DPRG Sachsen Gamification 2017„Mensch, ärgere dich nicht“ – spätestens nach diesem Abend der DPRG-Landesgruppe Sachsen mit Referent Florian Prehn ist klar: Das Spiel aus Kindertagen ist noch immer ein Renner und kann heute Impulse für die tägliche Kommunikationsarbeit geben. Gamification heißt das Zauberwort – und auch die Strategie, mit der Kommunikatoren spieltypische Elemente in spielfremde Kontexte bringen.

Dabei geht es in Marketing und Kommunikation vor allem darum, zu motivieren, die Loyalität der Zielgruppe zu steigern und Erlebnisse zu schaffen. Florian Prehn, User Experience Designer und selbst leidenschaftlicher Brettspieler, erläuterte den gespannten Teilnehmern auf einer Veranstaltung der DPRG Sachsen am 20. September in Dresden, wie man Zielgruppen spielerisch erreicht.

Das klingt spannend und nach einem guten Plan, erst recht, wenn man sich bewusst macht, dass das Spielen – auch bei Erwachsenen – wieder „IN“ ist. 21 Prozent der Deutschen treffen sich regelmäßig zum Scrabbeln, Tabu oder Kartenspiel. Deutschland gilt mit rund 350 Millionen Euro Umsatz bei Gesellschaftsspielen als einer der wichtigsten Spielemärkte Europas. 

Das Spielen wird von Kind auf gelernt. Doch Gamification, die, so Prehn, „bewusste Einbindung von spielähnlichen Erfahrungen in die Kommunikation oder im Marketing“, will gelernt sein.

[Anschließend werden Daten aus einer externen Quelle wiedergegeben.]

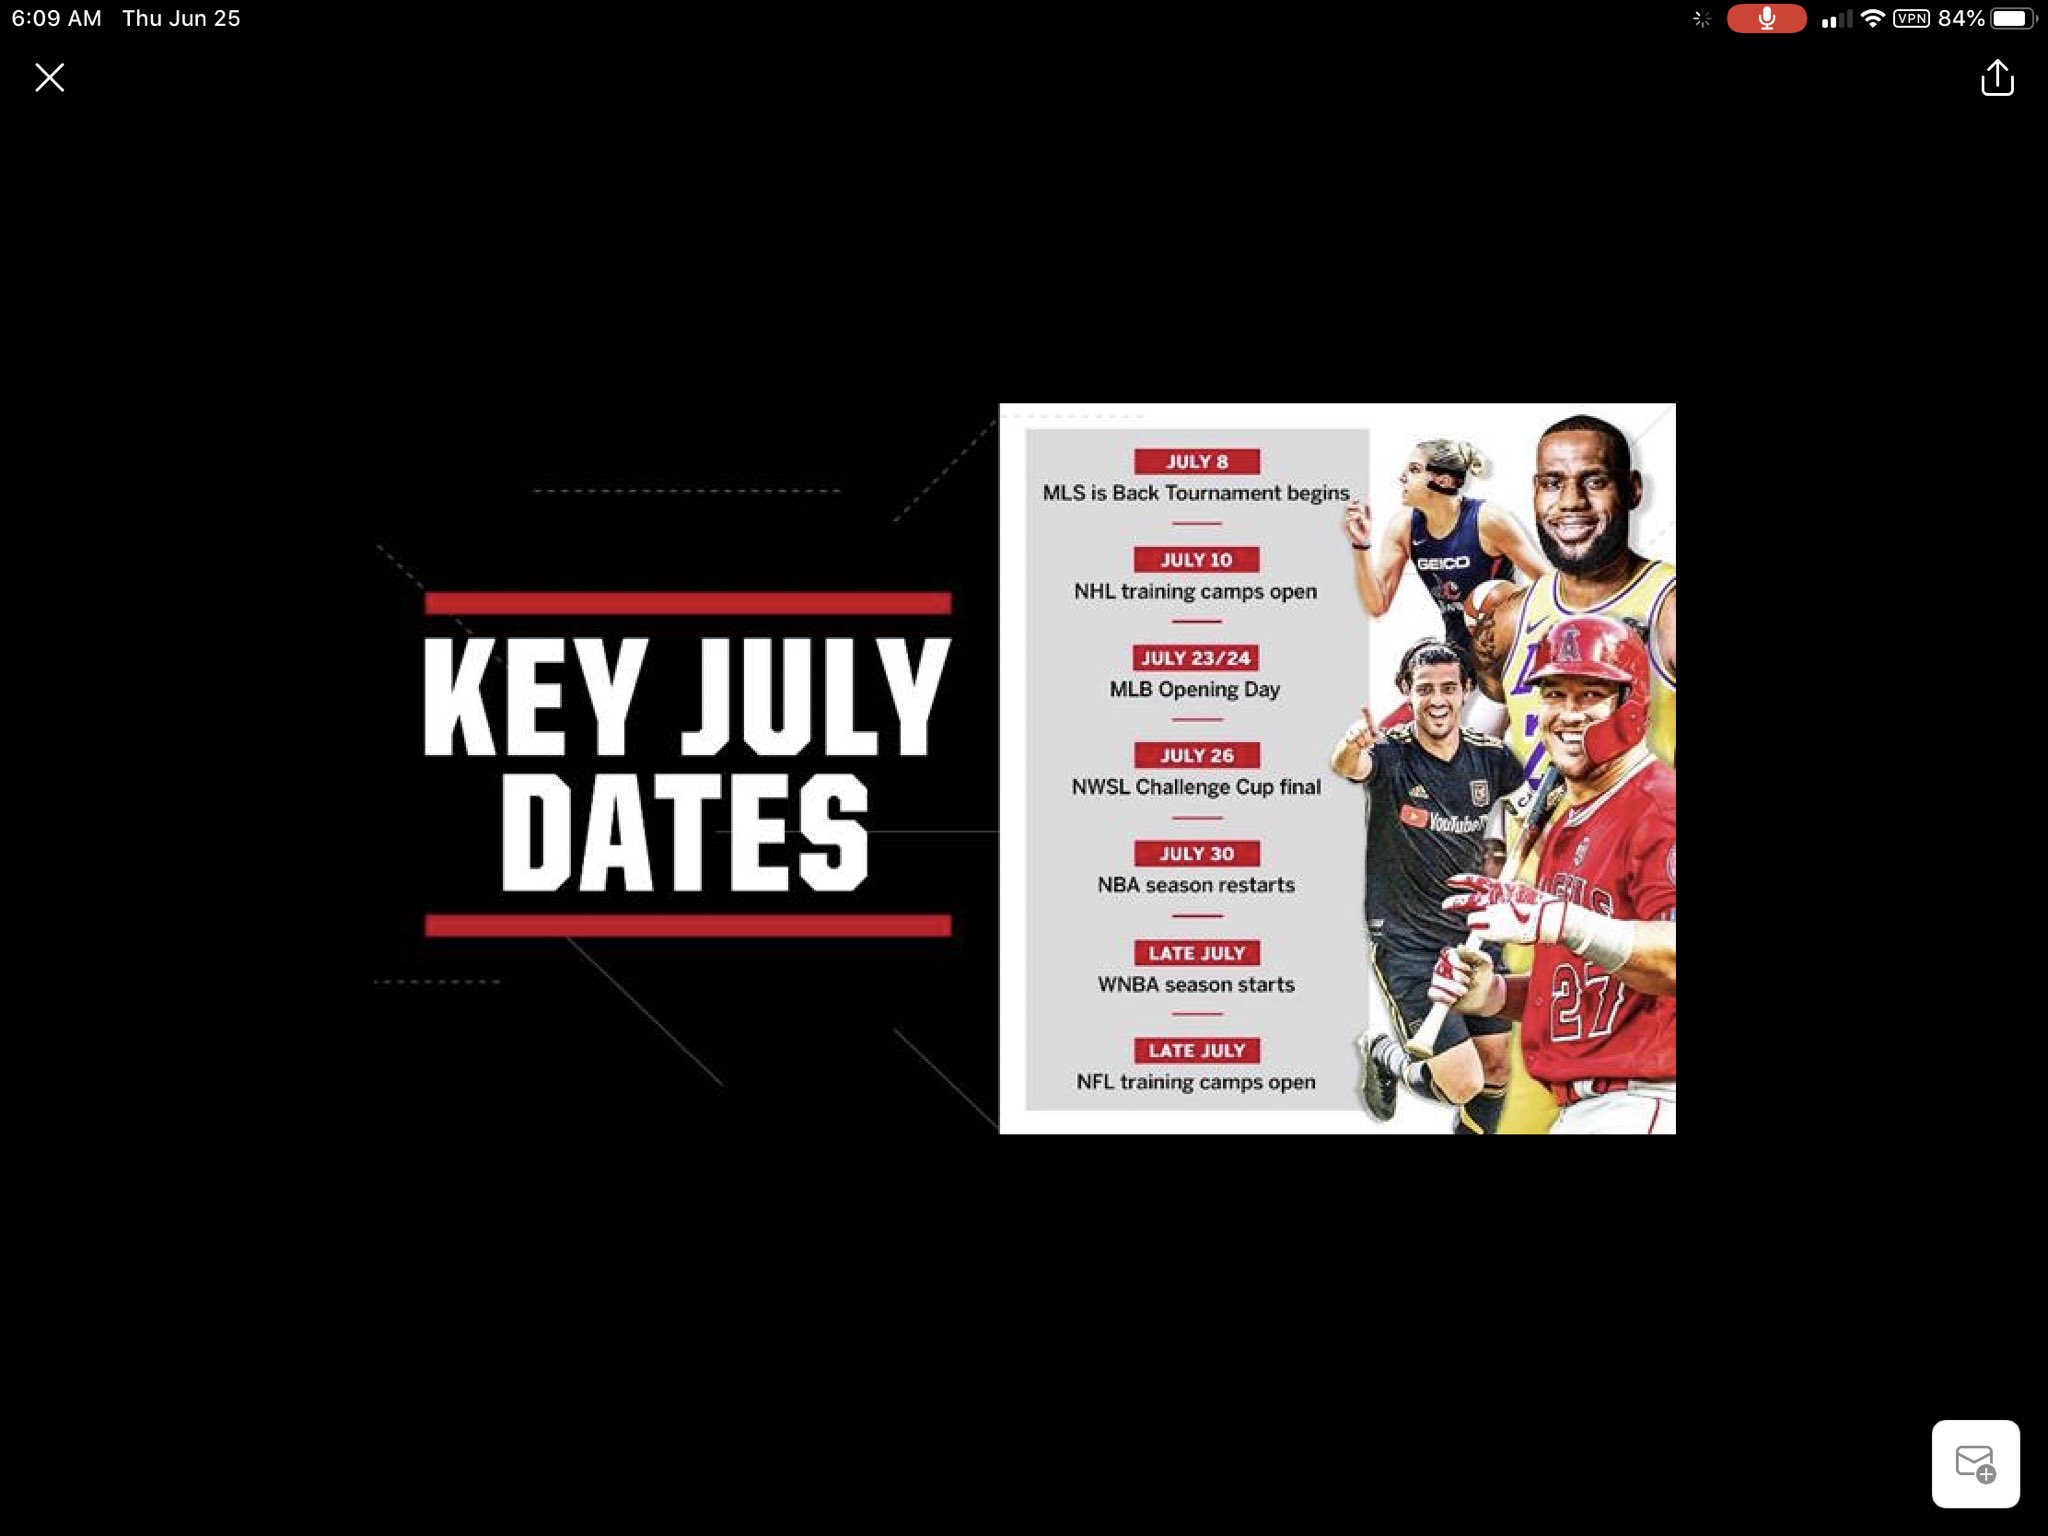 Key July Dates.jpg
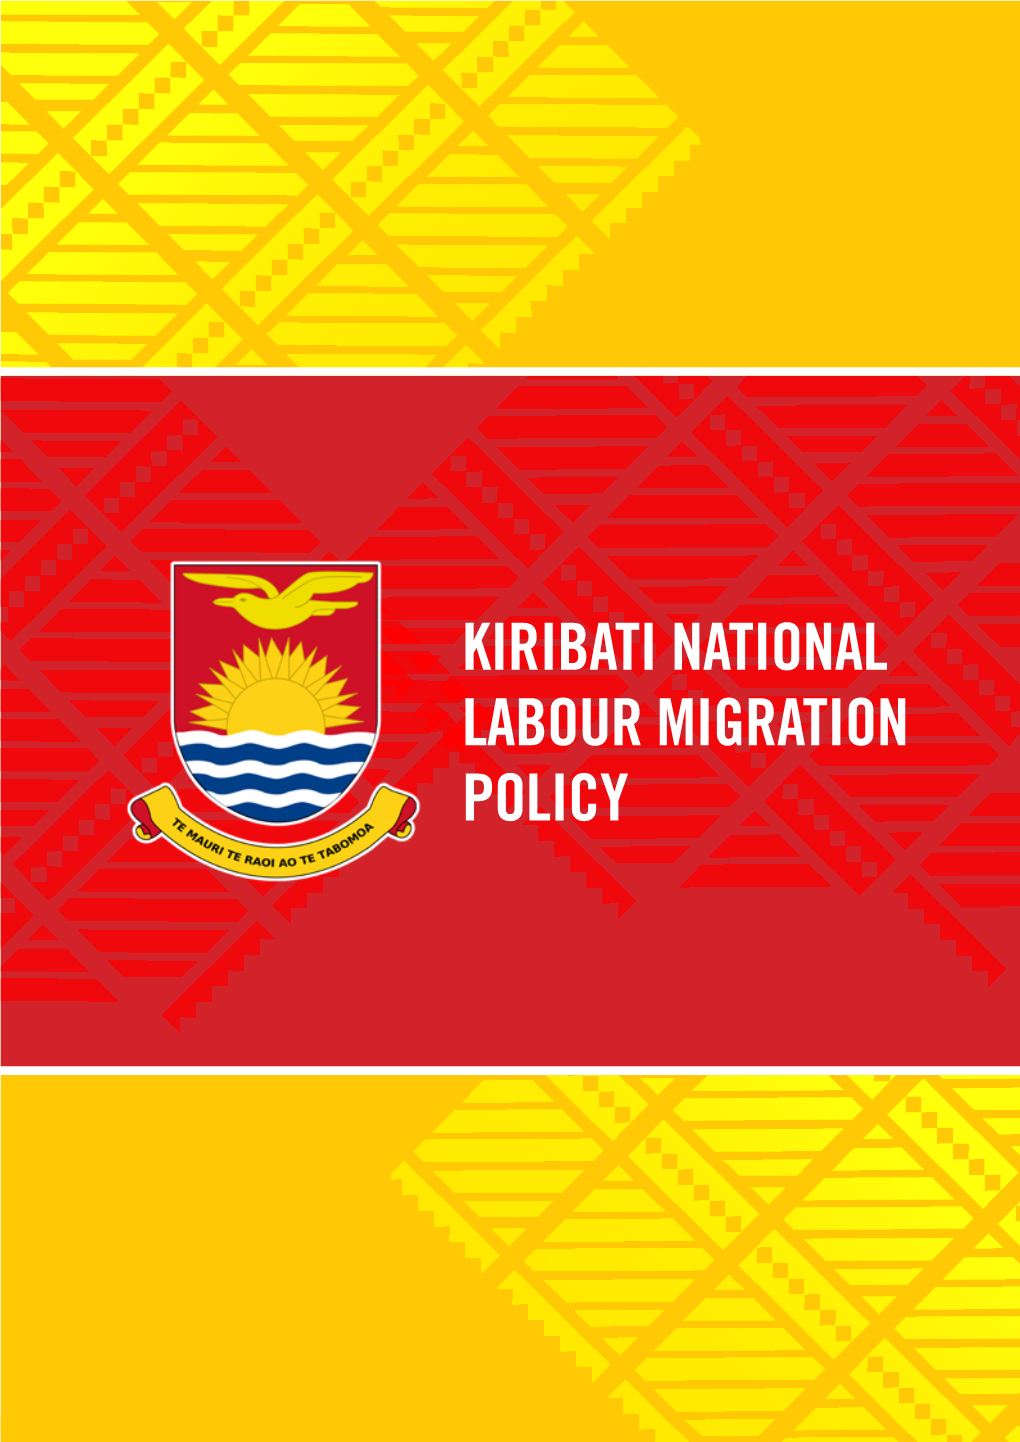 Kiribati National Labour Migration Policy Kiribati National Labour Migration Policy

Prehn stellte praxisnahe Methoden und Tools dieses Konzeptansatzes vor und gab den Teilnehmern die passende Spielanleitung mit. In seinem Vortrag ging es um aktivierende Kräfte, um Emotionen, das passende Storytelling. Dabei zeigte er: Die Idee, spieltypische Elemente einzusetzen, ist nicht neu. Rabattmarken als eine der ältesten Bindungsmaßnahmen oder Bonusmeilen, die Kunden zum Sammler und Wiederkehrer machen, sind bekannt. Doch Gamification geht noch weiter. Neben dem Belohnungssystem sind es auch Herausforderungen, Feedback und Interaktionen, die die Kunden binden.

Folgende Punkte sollten laut Prehn in der Konzeption Beachtung finden:

Ein Ziel, eine Geschichte, Zwischenziele, Wegweiser und Orientierung, kleine und große Hindernisse, verstärkendes und ehrliches Feedback.

Gespielt wurde an diesem DPRG-Abend natürlich auch – verbunden mit der Aufgabe, das wohl bekannteste Spiel neu zu gestalten und weiterzuentwickeln. „Mensch ärgere dich nicht“ hieß es da. Neue Stories wurden erdacht, die Regeln geändert und Aktionsmodule hinzugebracht. Dafür tauchten die Teilnehmer ab in Unterwasserwelten oder verlegten kurzerhand das Parlament aufs Spielbrett.

Neben dem festen Vorsatz, öfter mal wieder das Spielbrett auszupacken, blieben vor allem viele Anstöße für die Kommunikationsarbeit: Bekanntes neu denken, der Zielgruppe spielerisch begegnen und sie mit gelernten Mechanismen zur Beschäftigung mit einem Thema, einem Unternehmen, einer Dienstleistung oder Marke zu bringen.  Florian Prehn als Spielleiter – für Teams oder in Konzeptphasen – ist auf jeden Fall zu empfehlen.